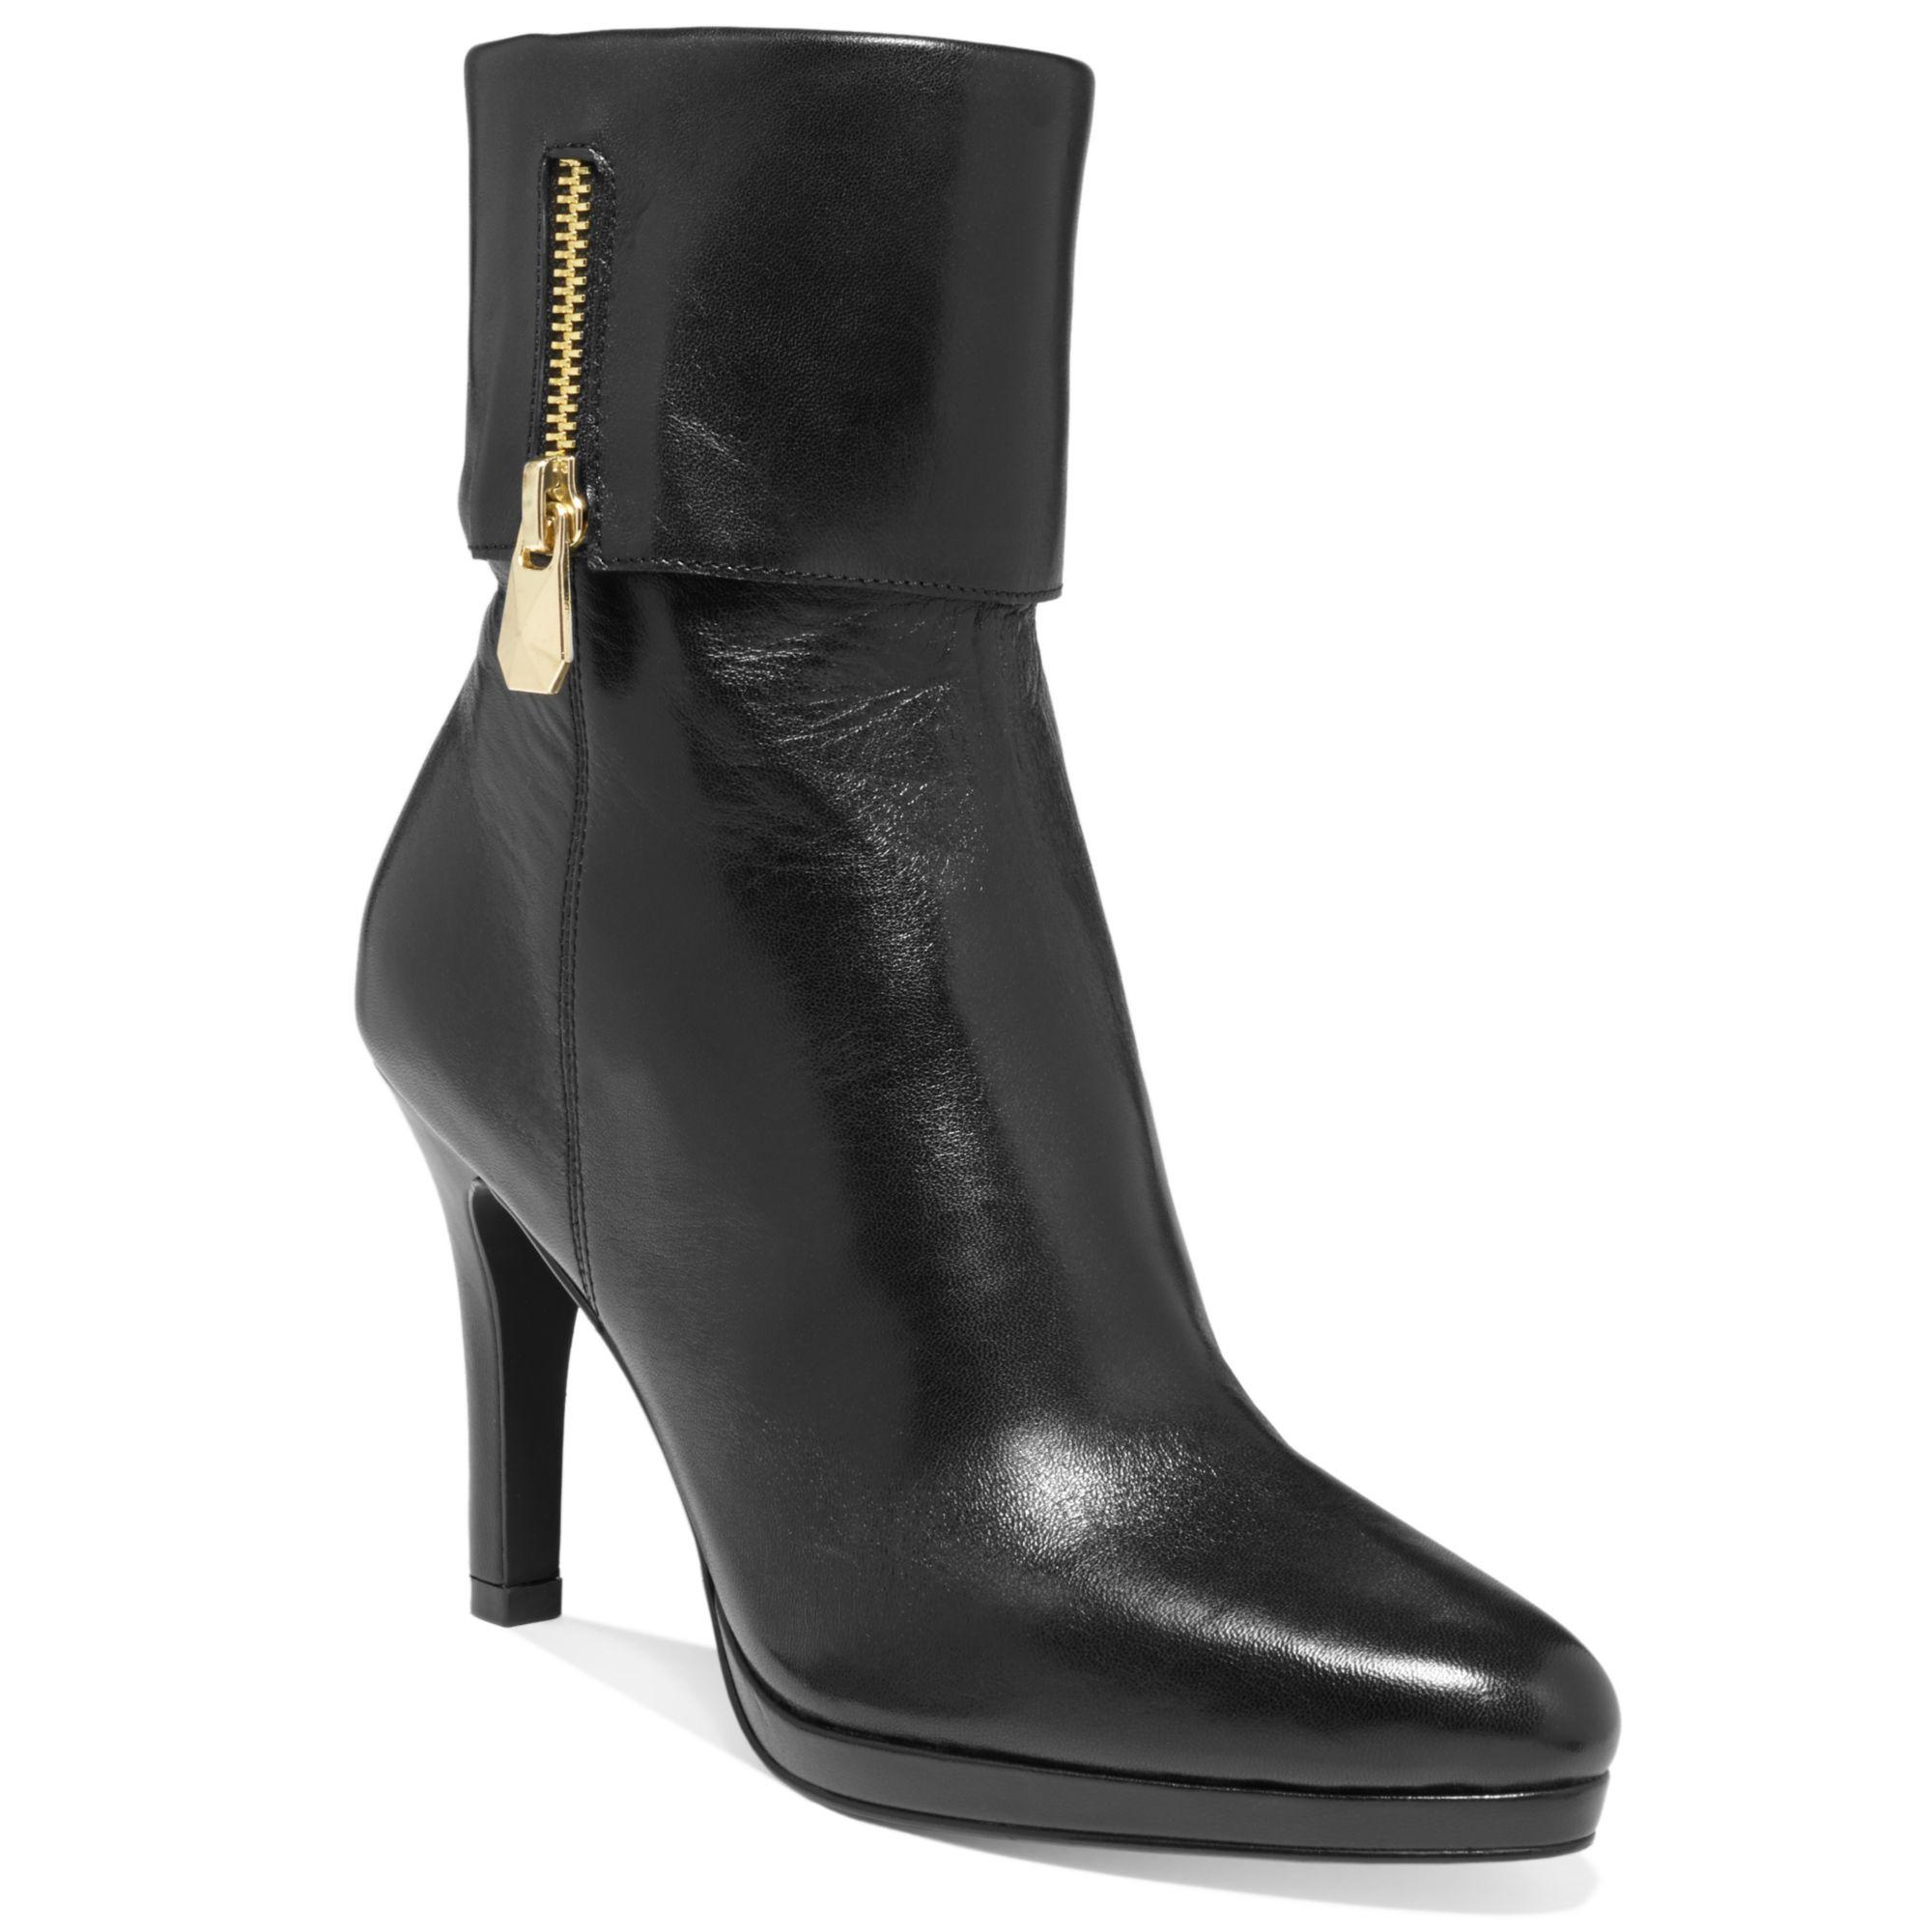 tahari gabe dress booties in black black leather lyst
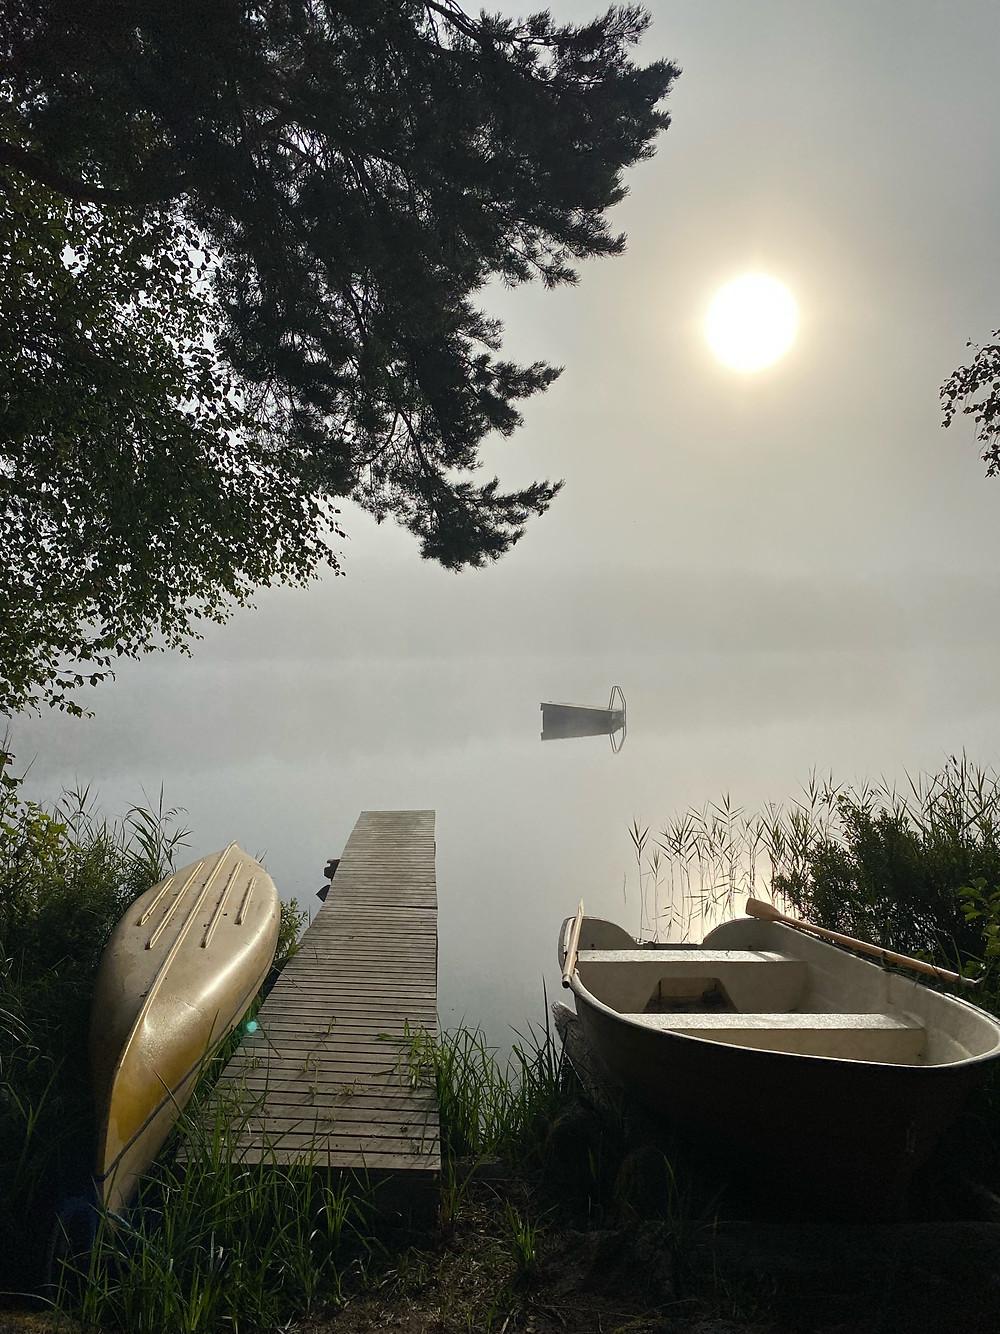 Sunrise on a Swedish lake
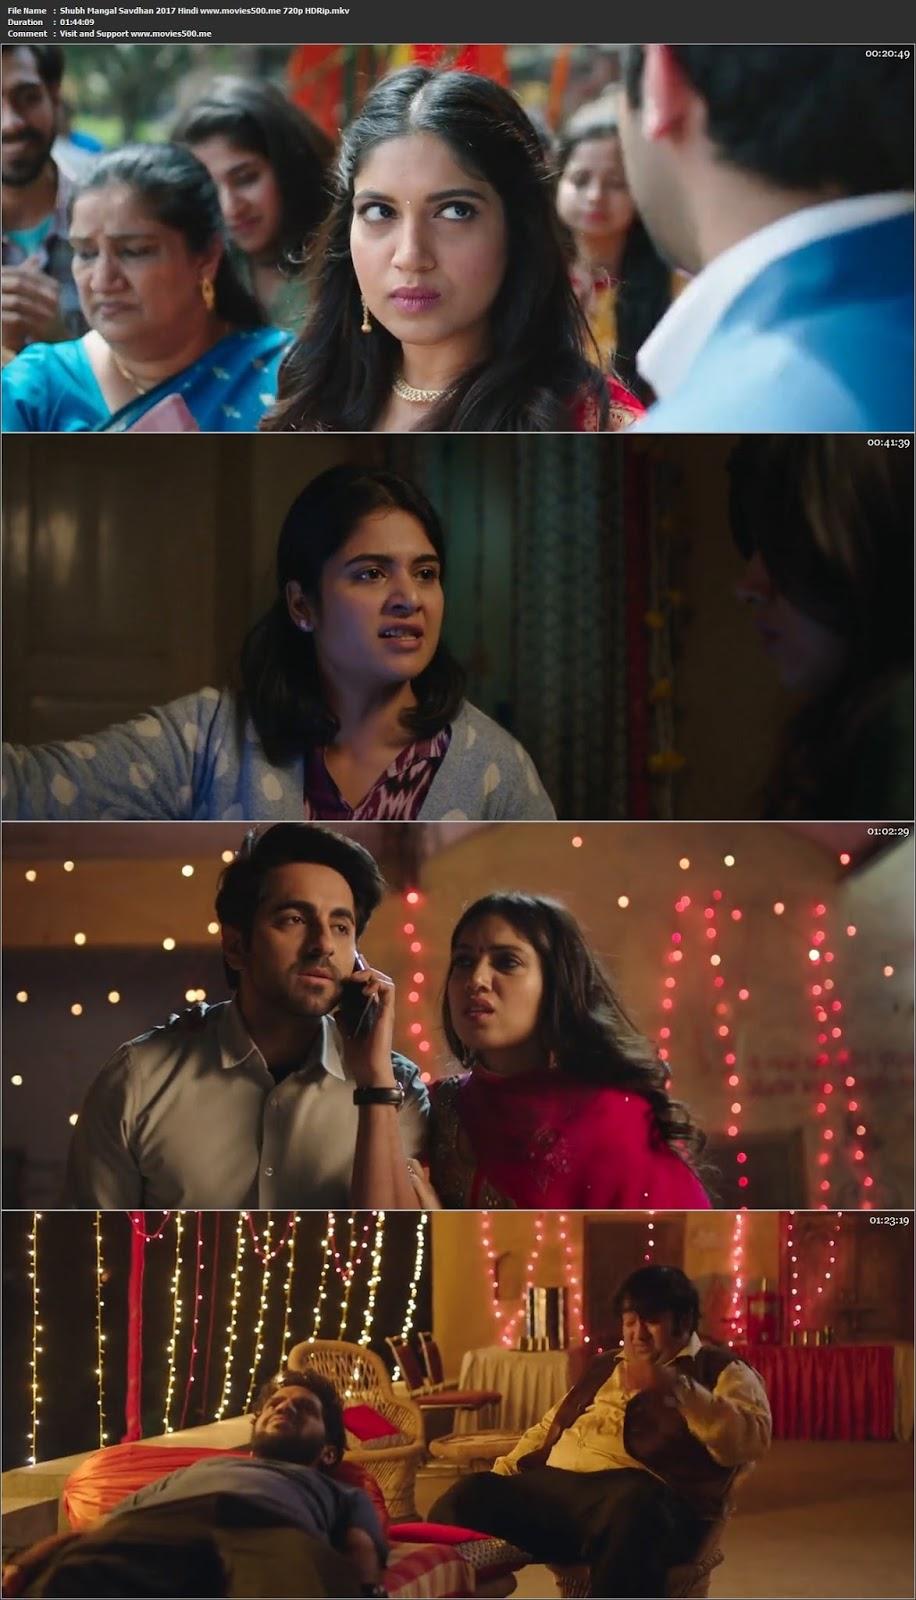 Shubh Mangal Saavdhan 2017 Hindi Movie Desi DVDRip 720p at newbtcbank.com

What the task asks:
Repeat the data above exactly; images are not part of the copy.

Output:
 tahari gabe dress booties in black black leather lyst
 Sunrise on a Swedish lake
 Shubh Mangal Saavdhan 2017 Hindi Movie Desi DVDRip 720p at newbtcbank.com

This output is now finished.